#### [Work required]
Produce a word-for-word copy of the lines from the one that contains "незрячих. Общие новости" to the final line of the data below, with all pictures dropped.

#### [Data extract]
--
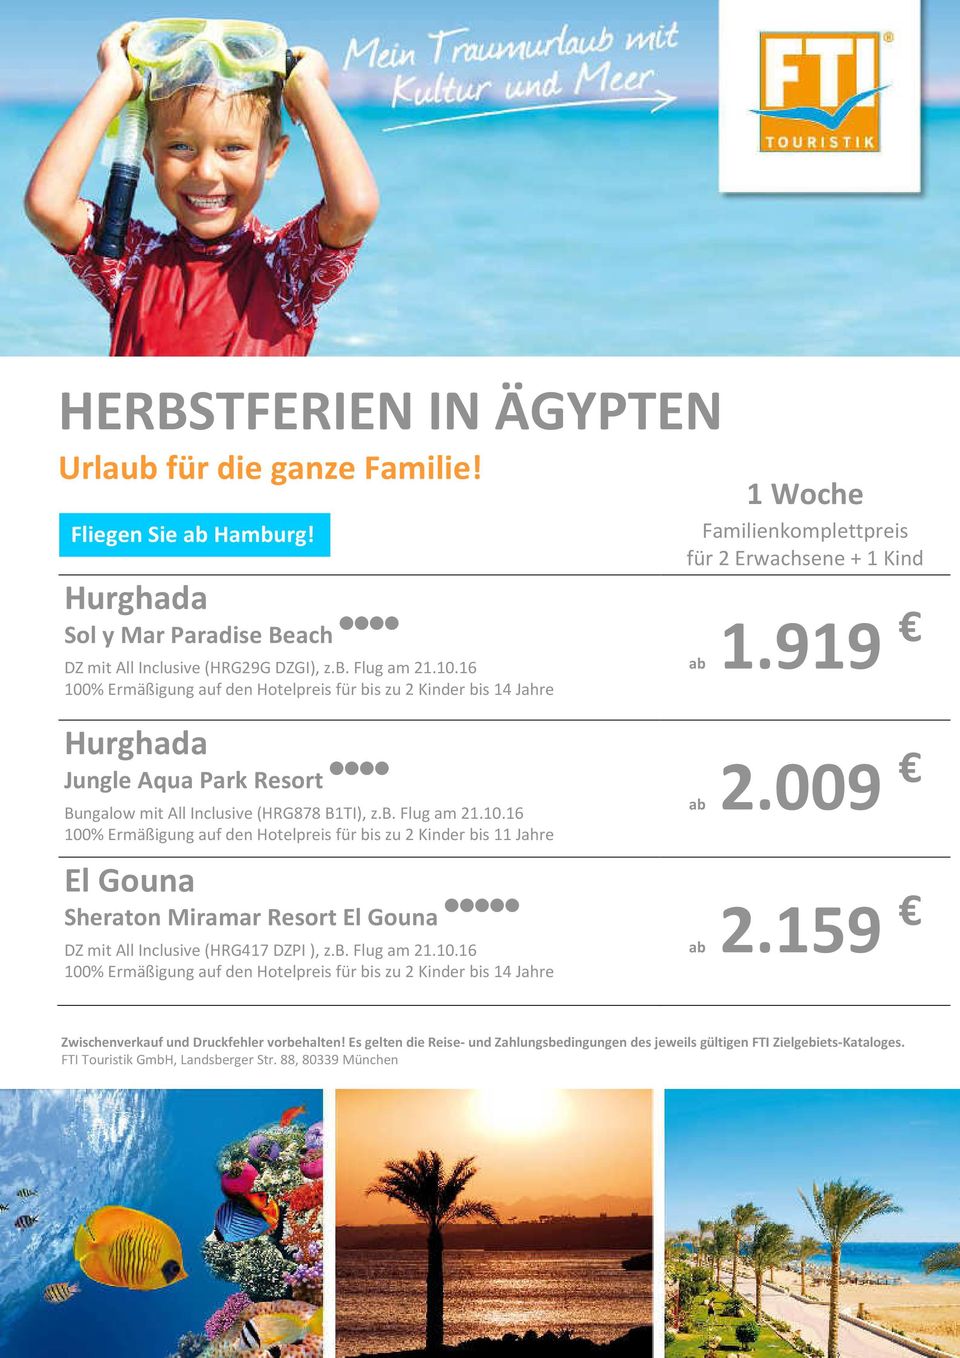 919 Hurghada Jungle Aqua Park Resort **** Bungalow mit All Inclusive (HRG878 B1TI), z.b. Flug am 21.10.
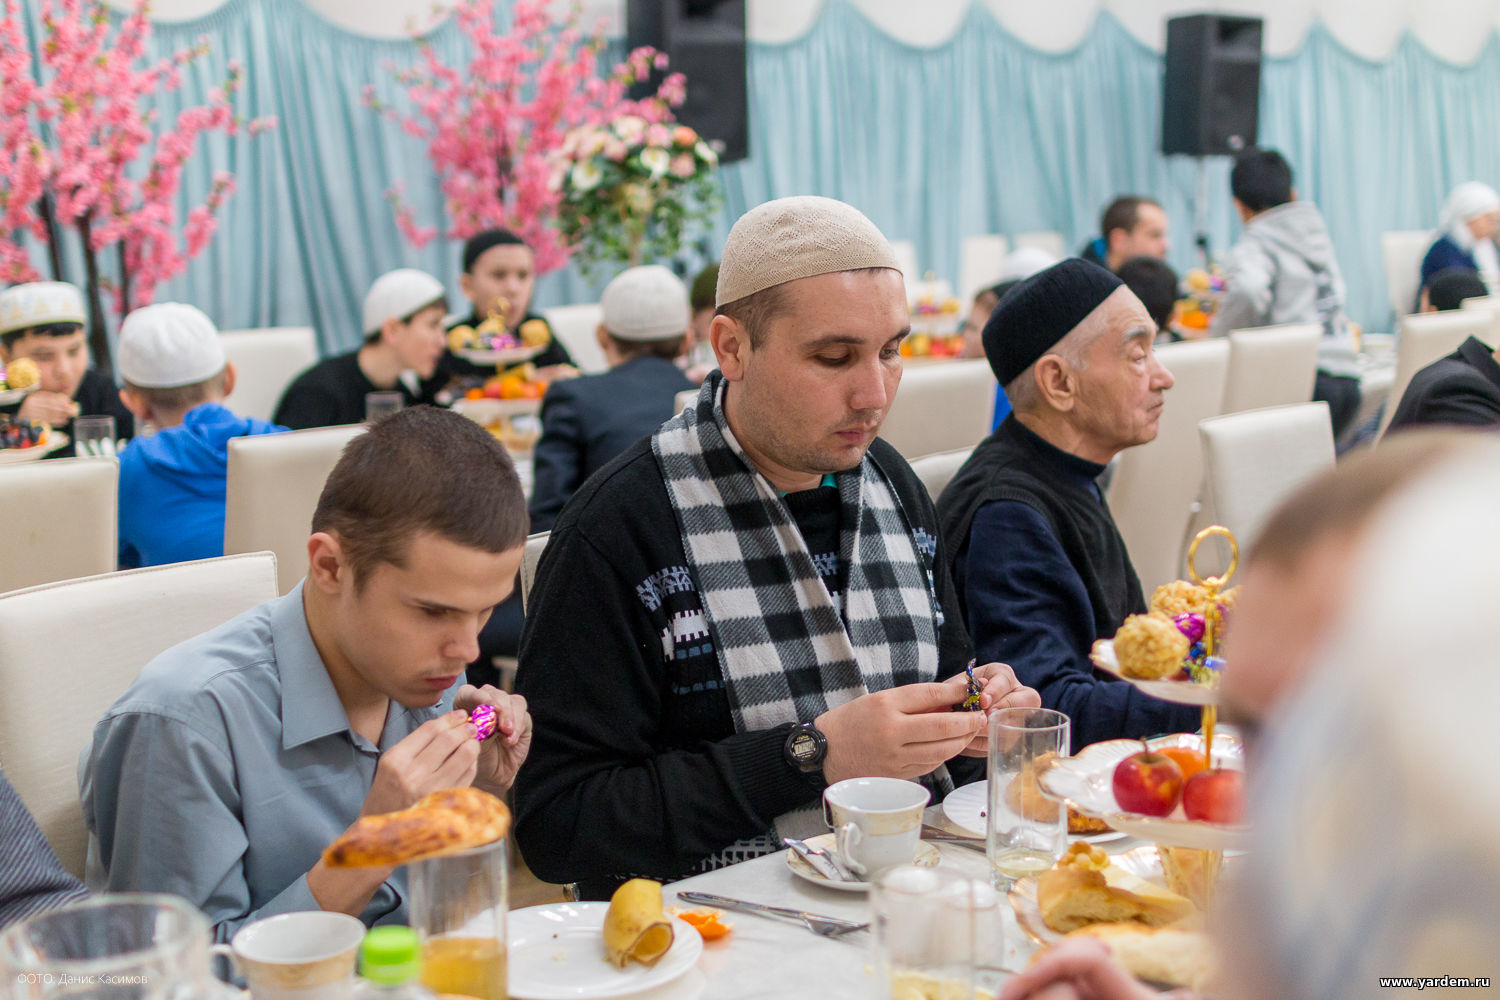 В мечети "Ярдэм" руководство магазина "Планета одежды и обуви" провели благотворительный ужин для незрячих. Общие новости
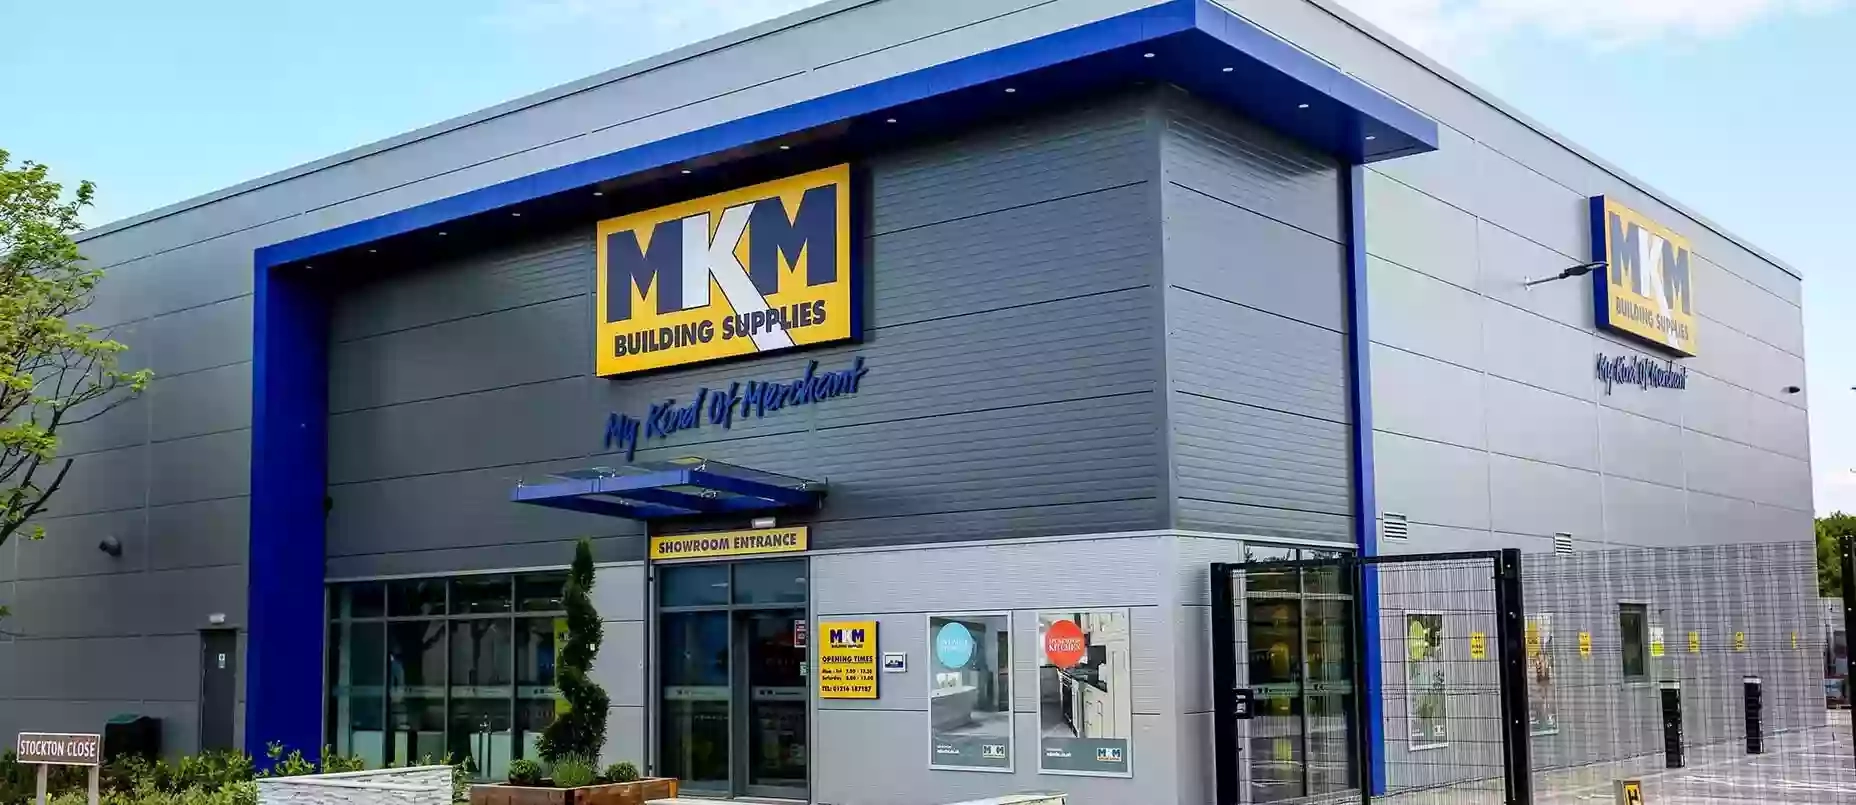 MKM Building Supplies Birmingham North
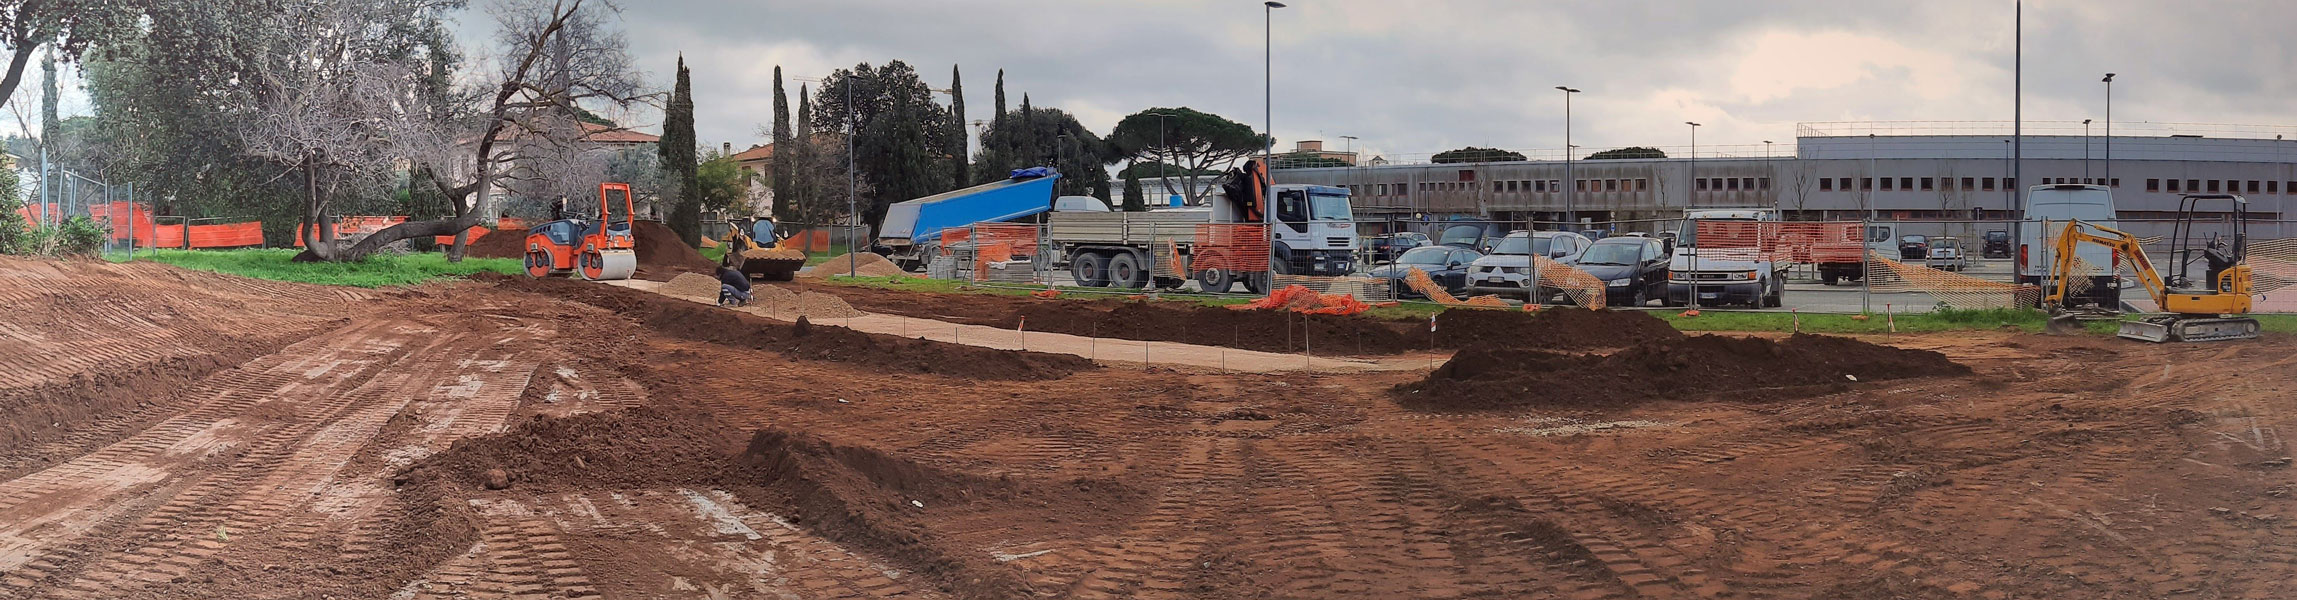 Escavazioni e Movimento Terra, Demolizioni - Vagelli srl dal 1995 Scavi e Movimento terra per fondamenta e fognature, Livorno
--
#### [Output]
 В мечети "Ярдэм" руководство магазина "Планета одежды и обуви" провели благотворительный ужин для незрячих. Общие новости
 MKM Building Supplies Birmingham North
 Escavazioni e Movimento Terra, Demolizioni - Vagelli srl dal 1995 Scavi e Movimento terra per fondamenta e fognature, Livorno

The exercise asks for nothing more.